What the task asks: Print out the data below in full, exactly as written.
BEGIN Source material
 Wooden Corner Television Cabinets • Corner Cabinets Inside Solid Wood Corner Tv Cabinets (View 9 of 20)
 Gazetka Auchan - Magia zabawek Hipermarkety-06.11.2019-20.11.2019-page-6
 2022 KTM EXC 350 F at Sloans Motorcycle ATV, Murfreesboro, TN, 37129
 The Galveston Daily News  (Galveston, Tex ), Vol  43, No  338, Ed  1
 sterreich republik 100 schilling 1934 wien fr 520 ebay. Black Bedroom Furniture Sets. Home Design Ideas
END Source material
Answer to this exercise:
 Wooden Corner Television Cabinets • Corner Cabinets Inside Solid Wood Corner Tv Cabinets (View 9 of 20)
 Gazetka Auchan - Magia zabawek Hipermarkety-06.11.2019-20.11.2019-page-6
 2022 KTM EXC 350 F at Sloans Motorcycle ATV, Murfreesboro, TN, 37129
 The Galveston Daily News  (Galveston, Tex ), Vol  43, No  338, Ed  1
 sterreich republik 100 schilling 1934 wien fr 520 ebay. Black Bedroom Furniture Sets. Home Design Ideas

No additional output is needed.